Let's say I'm going to build a very large 1PB zpool. I'll have a head unit with the HBAs inside of it (maybe 4 port LSI SAS cards) and I will have perhaps 7 45-drive JBODs attached to the head unit.
The basic way to do this with raidz3 would be create 21 different 15-drive raidz3 vdevs (3 15-drive vdevs for each of the 7 JBODs) and just make a pool out of all 21 of these raidz3 vdevs.

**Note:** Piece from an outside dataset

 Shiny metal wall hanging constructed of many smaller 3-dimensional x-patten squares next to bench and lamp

This would work just fine.
The problem here is that if you lose a single vdev for any reason, you lose the entire pool. Which means that you absolutely can never lose an entire JBOD, since that's 3 vdevs lost. BUT, in a mailing list thread, someone cryptically alluded to a way of organizing the disks so that you could indeed lose an entire JBOD. They said:
"Using a Dell R720 head unit, plus a bunch of Dell MD1200 JBODs dual pathed to a couple of LSI SAS switches ... We did triple parity and our vdev membership is set up such that we can lose up to three JBODs and still be functional (one vdev member disk per JBOD)."

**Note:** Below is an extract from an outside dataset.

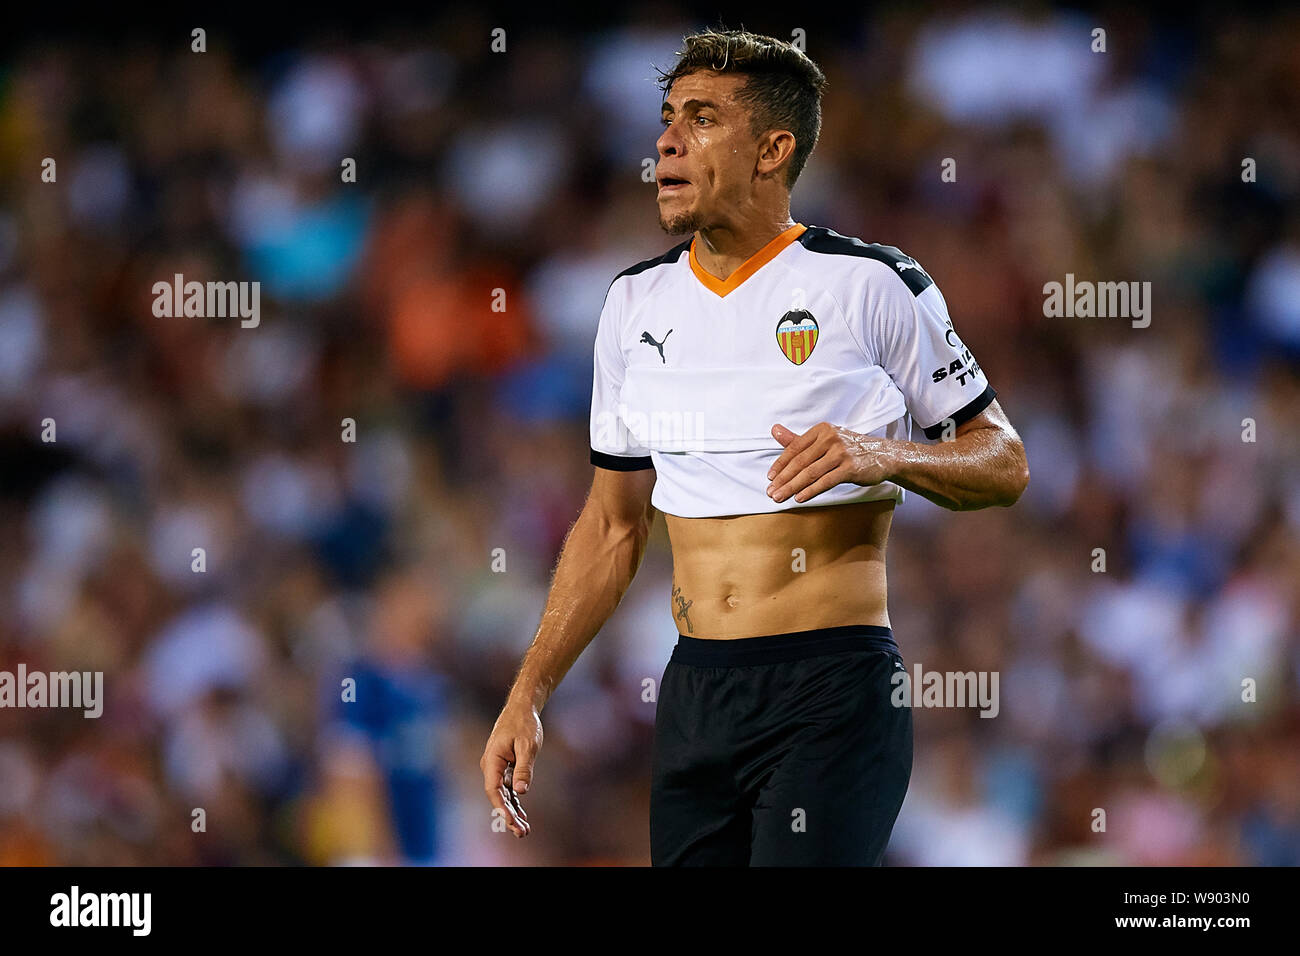 VALENCIA, SPAIN - AUGUST 10: Gabriel Paulista of Valencia CF looks on during the Bwin Trofeo Naranja friendly match between Valencia CF and FC Internazionale at Estadio Mestalla on August 10, 2019 in Valencia, Spain. (Photo by Get Ready Images/MB Media) Stock Photo

... and I am not quite sure what they're saying here. I think what they are saying is that instead of having a vdev be (all contiguous 15 (or 12, or whatever) disks on one HBA), you actually have the parity drives for the vdev split into other JBODs, such that you could lose any jbod and you still have N-3 drives elsewhere to cover that vdev...
Or something...
Two questions:
Does anyone know what the recipe for this looks like
Is it complex enough that you really do need a SAS switch, and I couldn't just set it up with complex HBA<-->JBD cabling ?
Thanks.